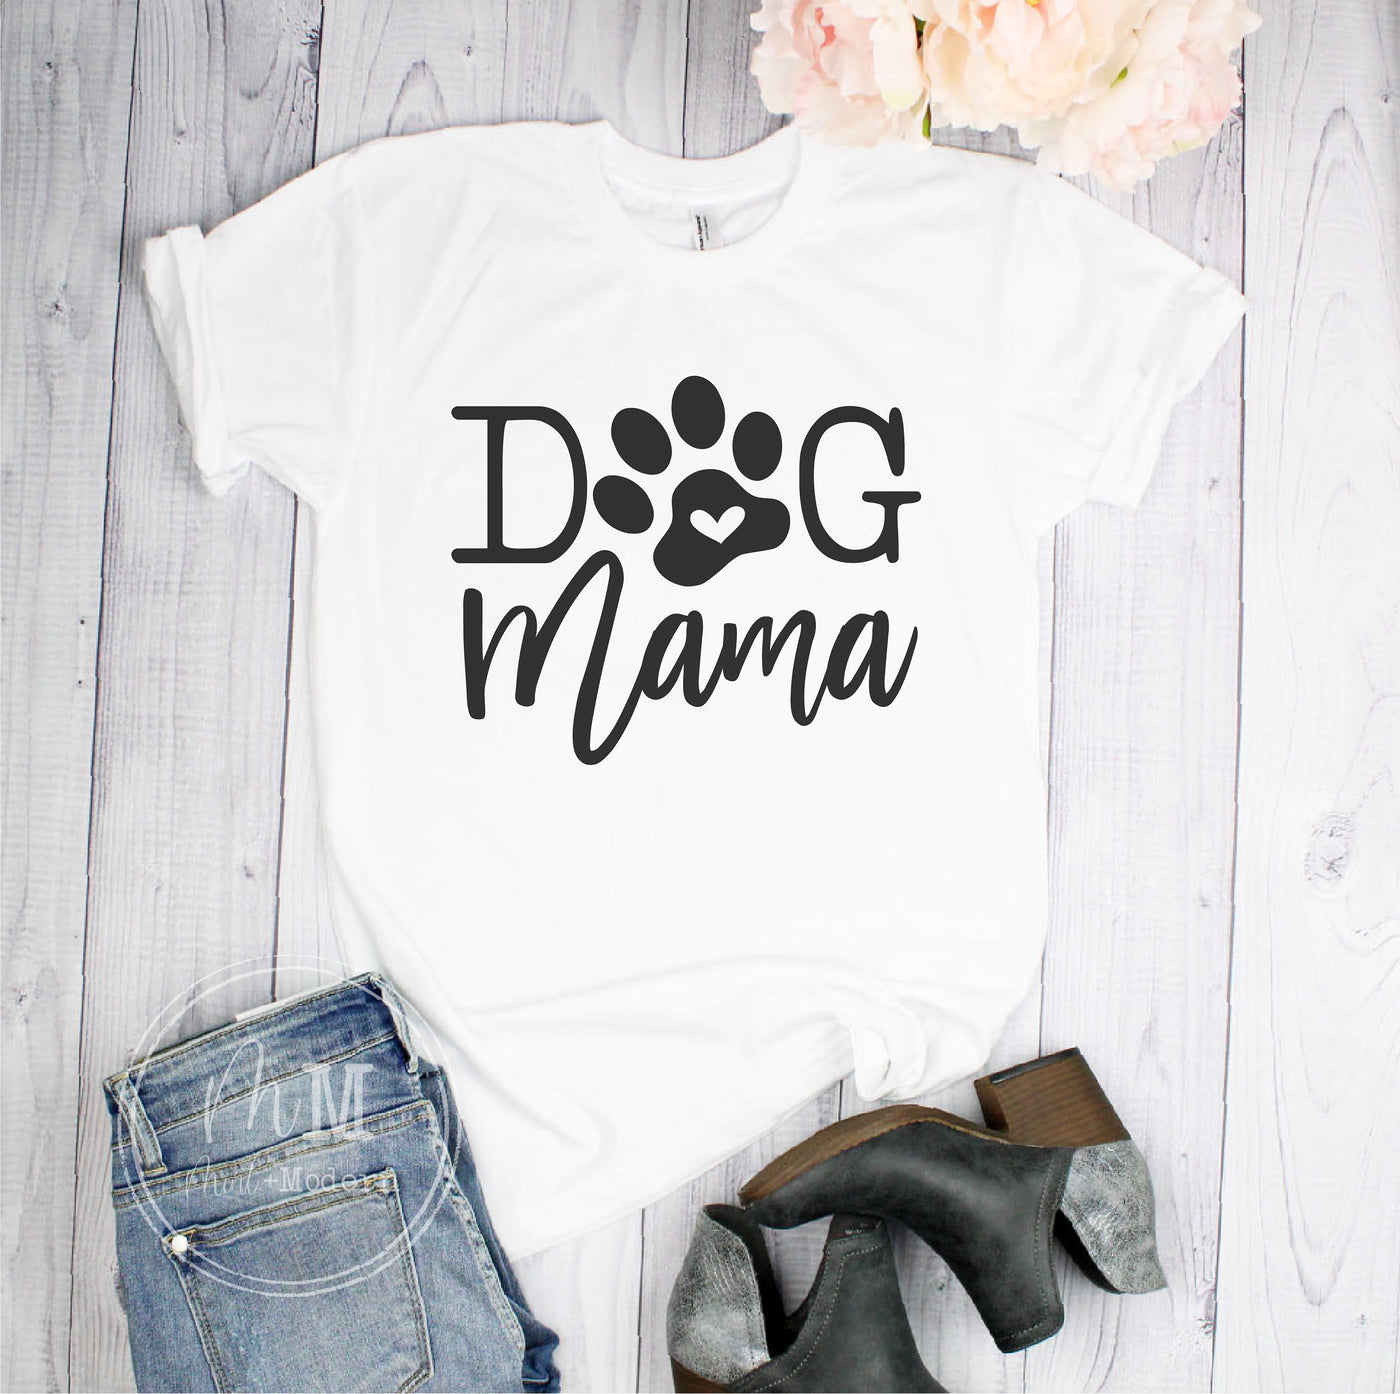 Dog Mama Tee - Dog Mama Shirt - Animal Lover Shirt - Fur Mama
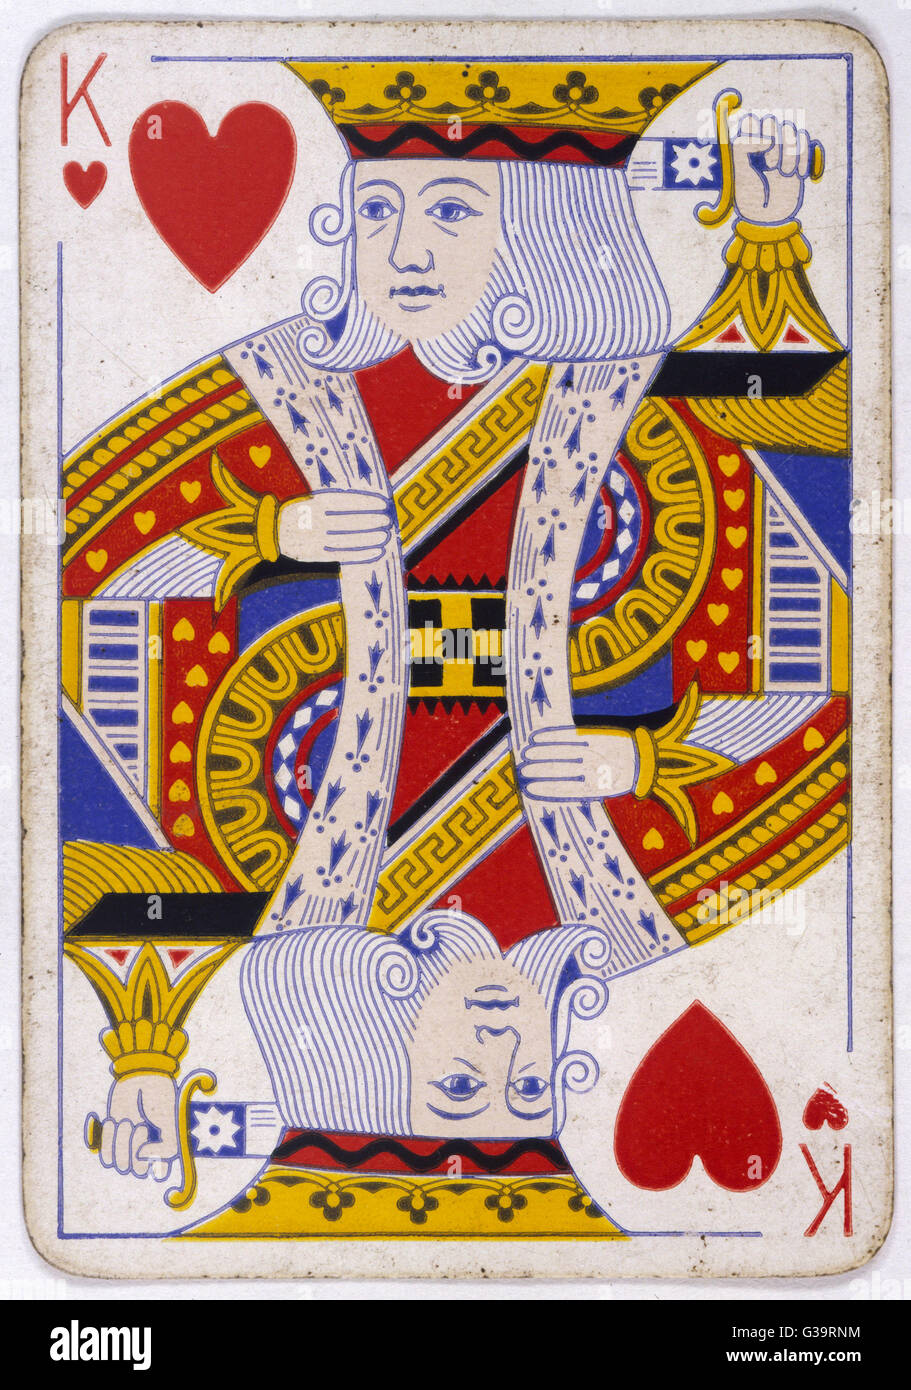 KING OF HEARTS/CARD Stock Photo
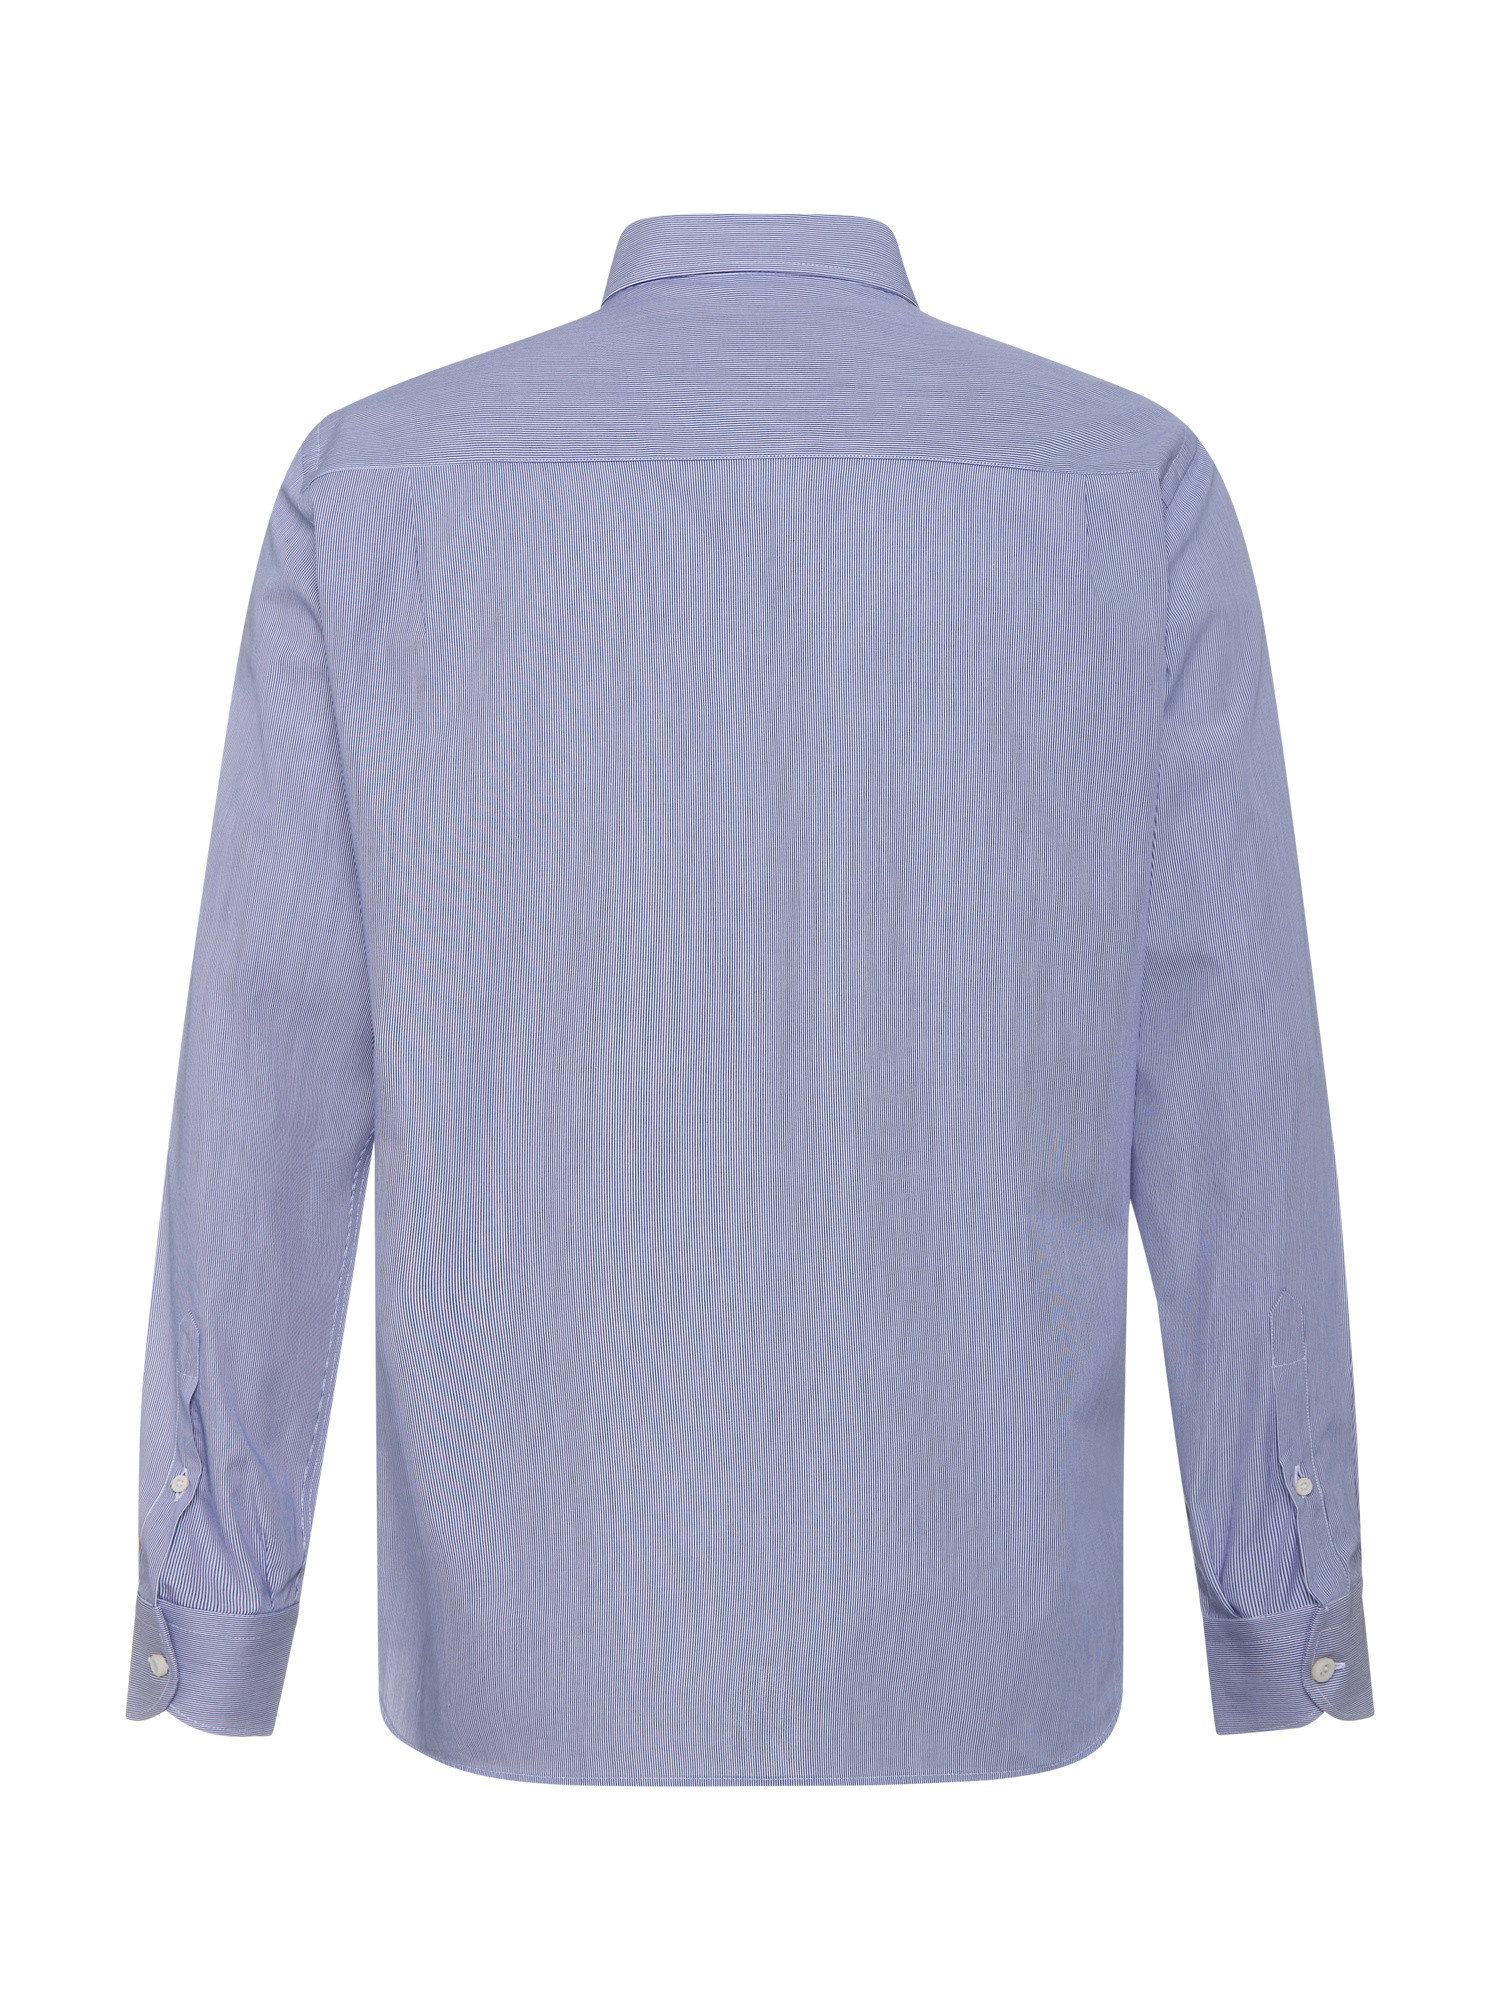 Luca D'Altieri - Regular fit casual shirt in pure cotton poplin, Blue, large image number 2

▸ **Exercise details**
Take the line that contains "KING OF HEARTS/CARD Stock Photo" and all lines after it to the end of the material above, and copy them verbatim without any images.

▸ **Written answer**
 KING OF HEARTS/CARD Stock Photo
 Luca D'Altieri - Regular fit casual shirt in pure cotton poplin, Blue, large image number 2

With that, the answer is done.